- **DATA BLOCK**:
============

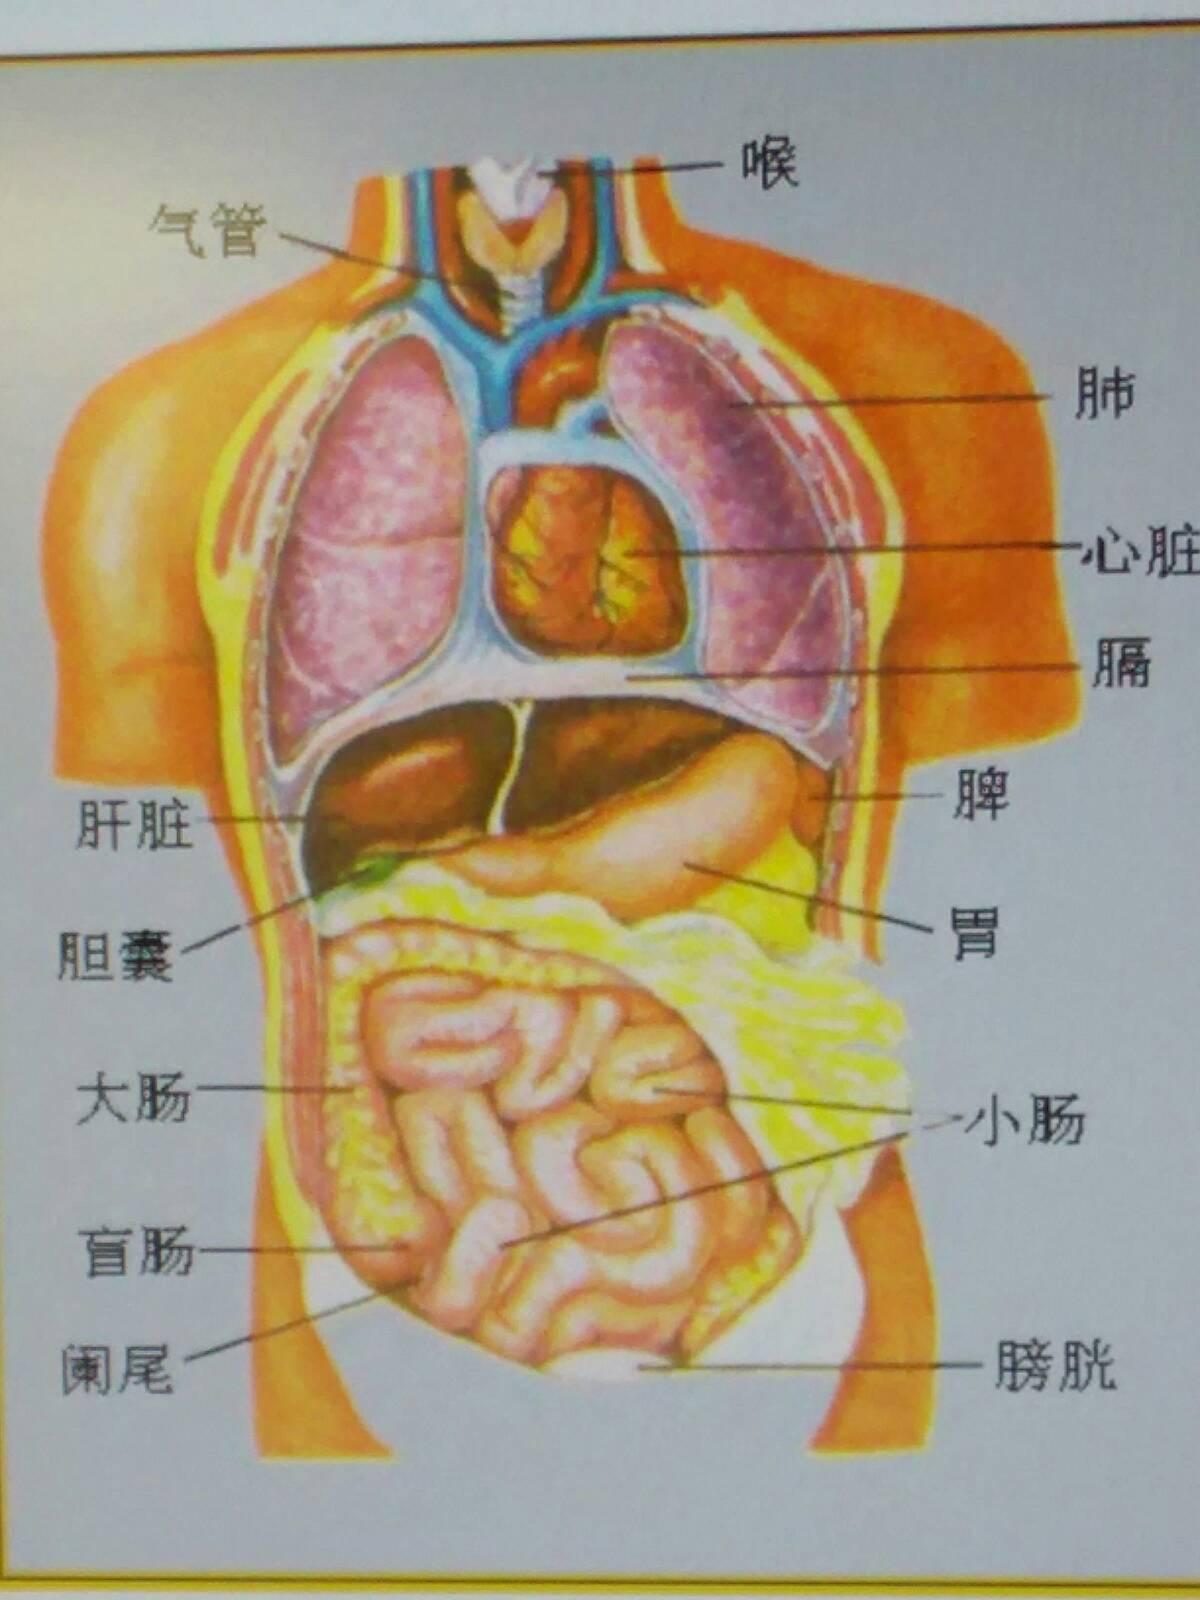 心脏疼痛是怎么回事,右边胸口疼是什么原因,心脏在左边还是右边图图片
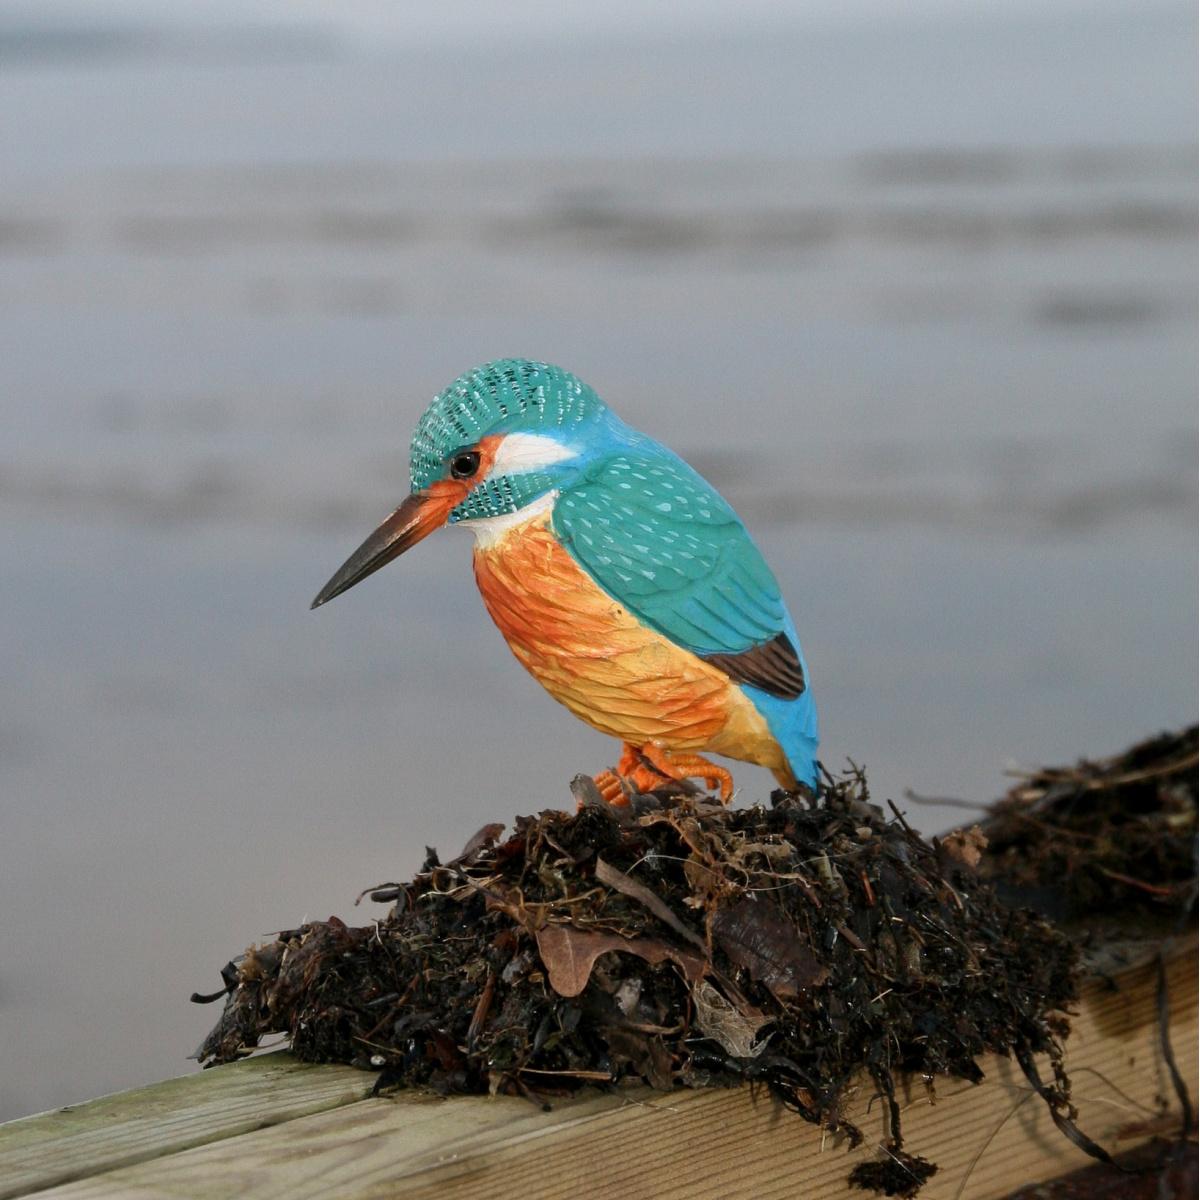 Wildlife Garden træfugl - isfugl
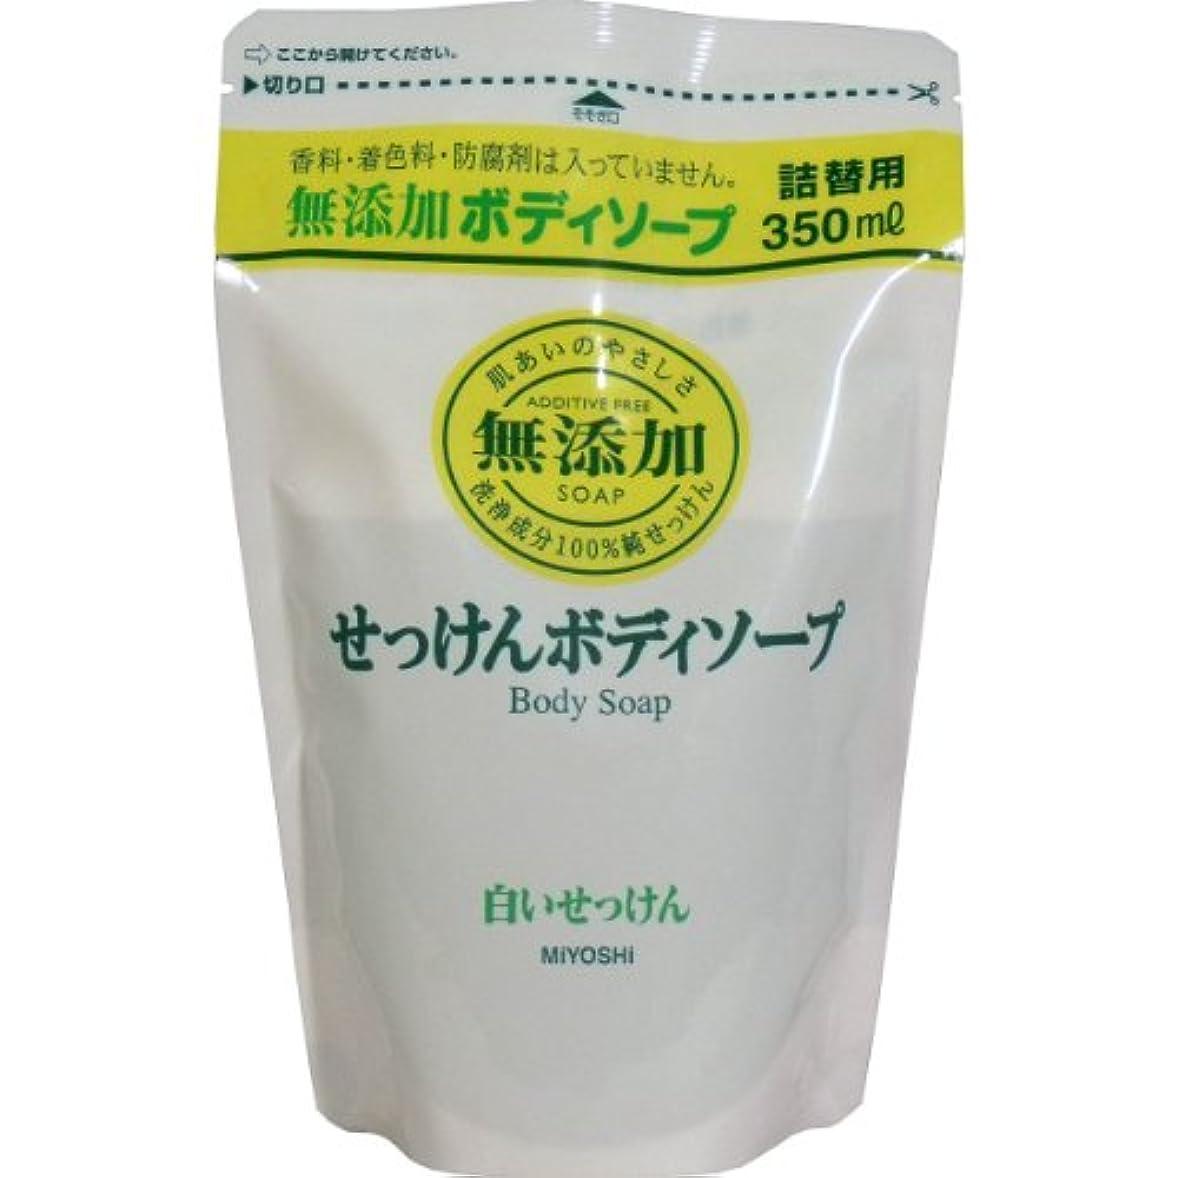 タンザニア剥ぎ取る偏見無添加 ボディソープ 白い石けん つめかえ用 350ml(無添加石鹸) 7セット
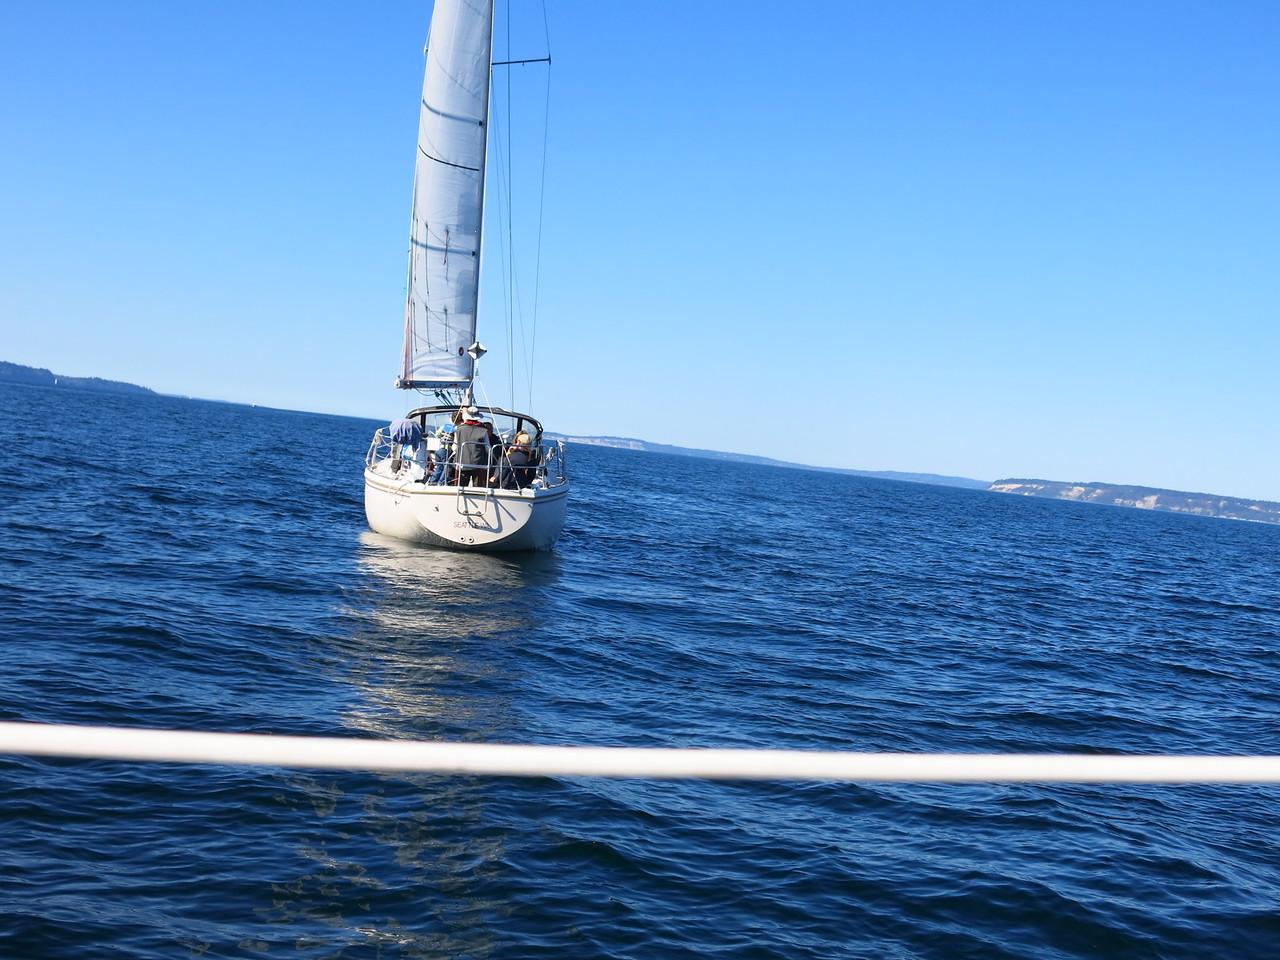 2015-10-04 Sail (23)

============

- **WHAT TO PRODUCE**: Without the images, print all of the lines above exactly.

- **EXERCISE ANSWER**:
 心脏疼痛是怎么回事,右边胸口疼是什么原因,心脏在左边还是右边图图片
 Wildlife Garden træfugl - isfugl
 タンザニア剥ぎ取る偏見無添加 ボディソープ 白い石けん つめかえ用 350ml(無添加石鹸) 7セット
 2015-10-04 Sail (23)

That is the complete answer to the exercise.